About a year ago I was told that I’d simply not read enough, and that was my failing. Whilst I had an eye for the poetic, I didn’t have the weight of the canon on my shoulders.
So I went away and started filling in the gaps. I hid behind a thicket with Ovid and watched Diana bathing naked. I walked through nuclear Winter with Petrucci and went home in an ambulance with Larkin. I smoked pot and put on a few Charlie Parker vinyls with Kerouac, ignoring the yellow fog pressing against the window panes. I went to Ithaca and tried to take part in an archery tournament, then shared a Coke with O’Hara. Every now and then I’d ask one of these guys to look at my portfolio, and every time they’d say “look kid, I like you, I think you’re a nice guy, but I’ll be damned if I need your help with my writing, why should I offer you mine?” I did not know what to say, my mouth had no way.

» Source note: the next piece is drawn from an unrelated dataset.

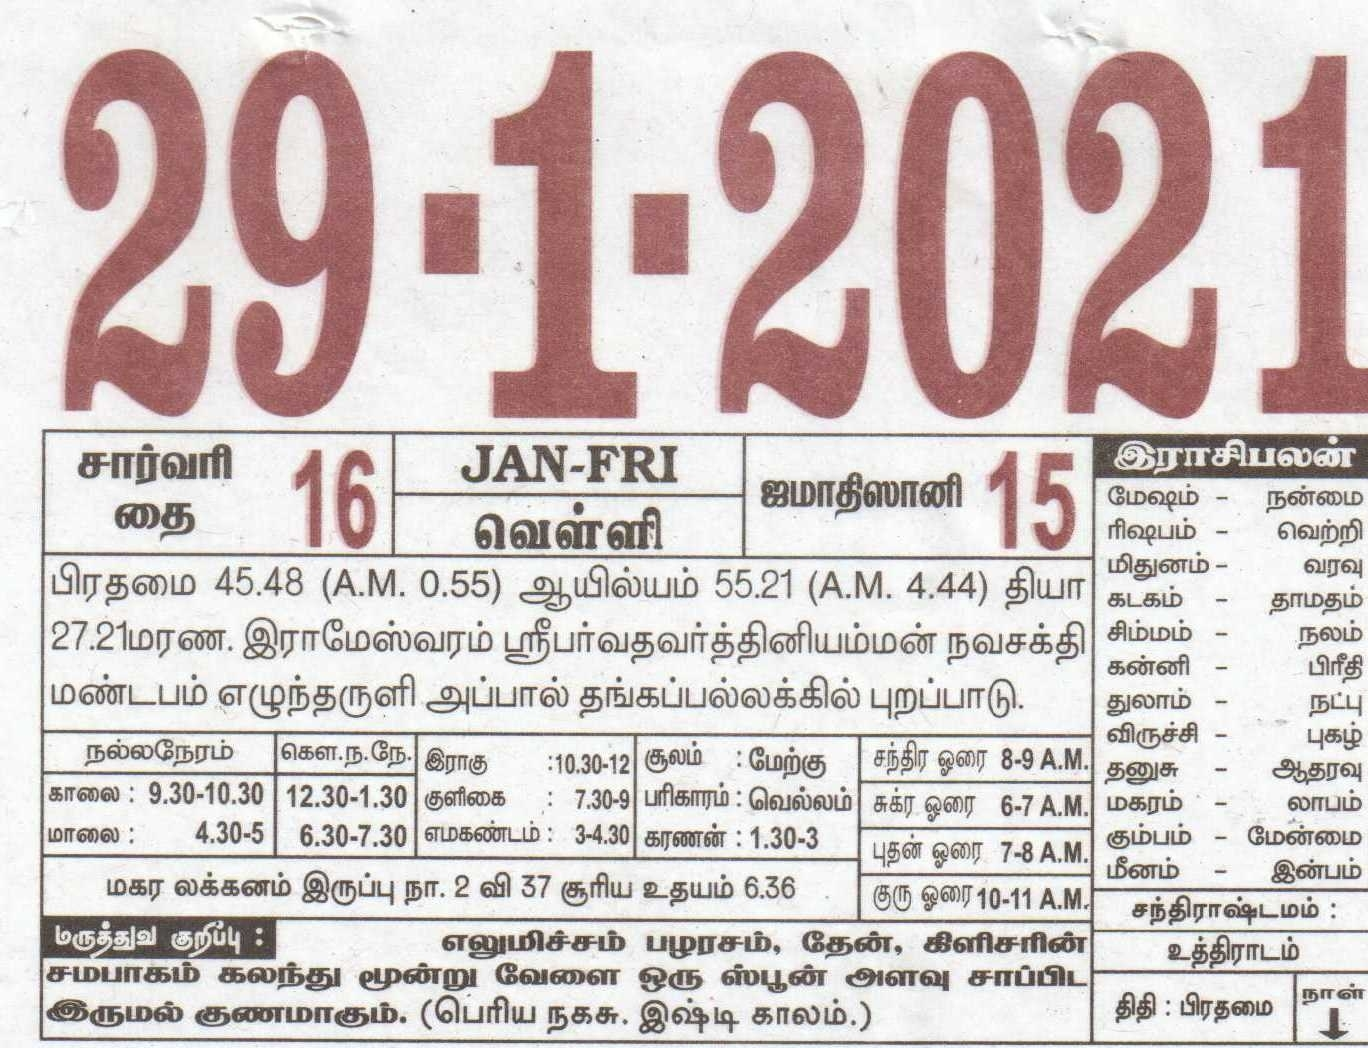 29-01-2021 Daily Calendar | Date 29 , January Daily Tear Off Calendar | Daily Panchangam Rasi Palan August 2021 Tamil Daily Calendar

So I carried on with my journey. I had a weekend mini-break in a penal colony with Kafka. I did a few lines of coke and disappeared somewhere in California with Clay, then went on a detox out in the bush with Les Murray. Me and Luke Kennard went for a coffee with a murderer, then I made my excuses and enjoyed a walk in the park with the Second Earl of Rochester. I found Andrew Motion knocking about Anne Frank’s attic and Don Paterson leant me some bootleg pornography. The tape just had three hours of Shakespeare beating up his wife to win a bet he’d made with his friends. Still, nobody wanted to help me out with my writing.
I had a crawlin’ stinkin’ drink from that lazarushan leather Gunga Din. I sat in Mudsville with Thayer and watched mighty Casey strike out. I arose and went to Innisfree, and I stopped by some woods on a snowy evening and put flowers on the grave of Richard Corey. I stood on vile clay and sang with Dunbar. Me and Rilke stayed up for two weeks straight, writing sonnets. When the job was done we shouted salvation and washed in the blood of the lamb. Then, with a noise like tambourines, the Highwayman came riding in a French cocked hat singing ‘Goddamm! Gas! Gas!’ Then he poked out his tongue and called me ‘nigger’, so I ran down certain half- deserted streets, and in truth I was afraid.

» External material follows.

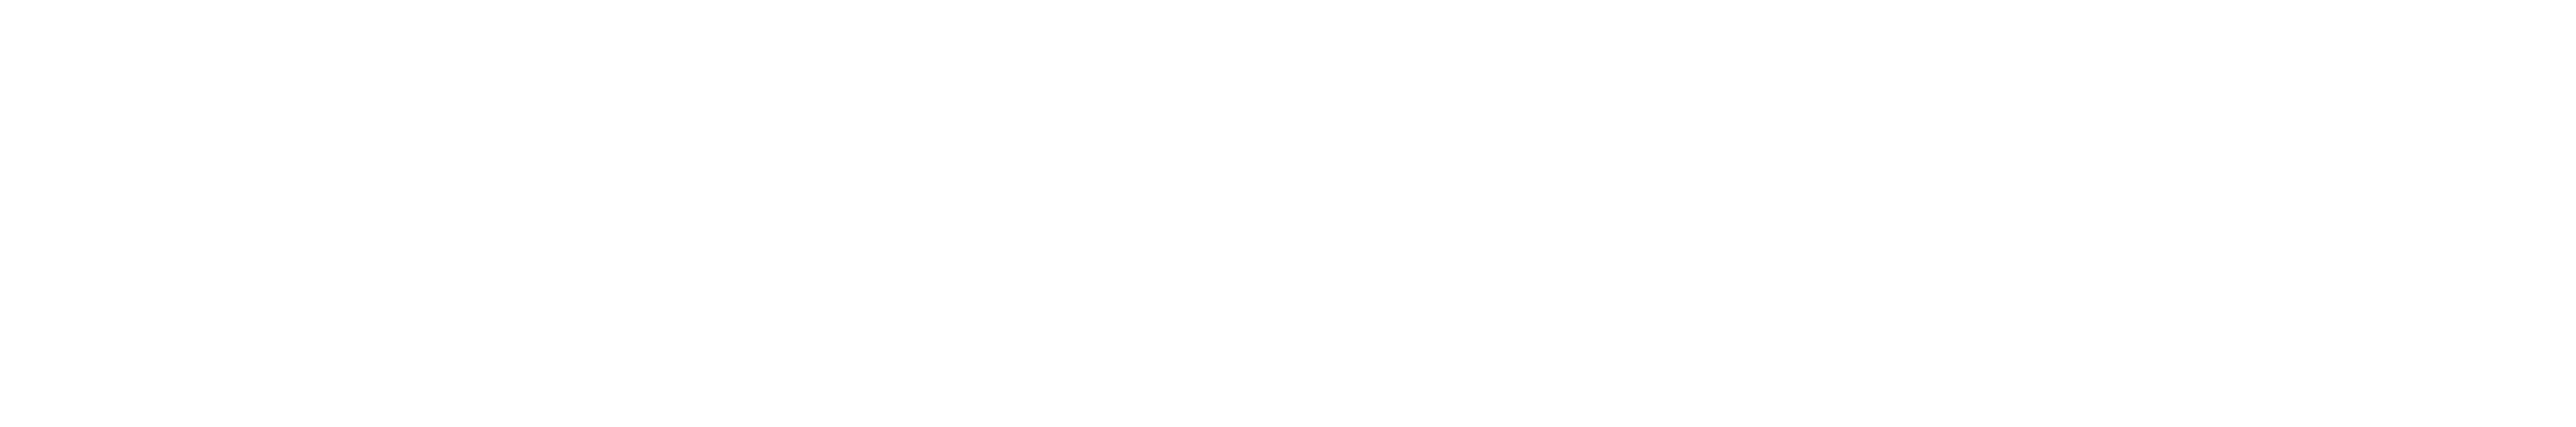 MOTOTRBO Nitro

I rode a water-smooth silver stallion with a saddle-back of rock.
It didn’t really become clear for me until I went back to the States and had a beer in a seedy bar with Bukowski. He spoke sense when he said “The problem is, 0513210, that as we work toward a purer, looser, more holy warmth of expression and creation, the critics are going to have to work a little harder to find out whether it's water or piss in the holy grail, and even then they might end up wrong. You know the old comic strip joke about the painting hung upside down or etc., well, there's a lot of practical truth in this. But pure creation will always have its own answer finally, and it will neither be a set of disciplines or undisciplines, it will simply be.”
The guy made a convincing point. So I got us another couple of beers and walked home. On the way I took a piss in Duchamp’s urinal and offered a construction worker $20 to let me look pensively at a pile of bricks he’d left next to an unfinished house. The guy just stared at me and said “boy, you know there’s no money in poetry right?” I said “yeah, but there ain’t no poetry in money either.” Clearly satisfied with my answer the construction worker took my money and went off to buy a second-hand copy of Madame Bovary from Oxfam.
I sat for a few minutes looking at the seemingly randomly scattered bricks before Elizabeth Bishop walked by wearing a newspaper hat. “What are you supposed to be, some kinda Bohemian or something?” she asked. “No Liz, I’m a raconteur and there’s a fucking difference!” I replied.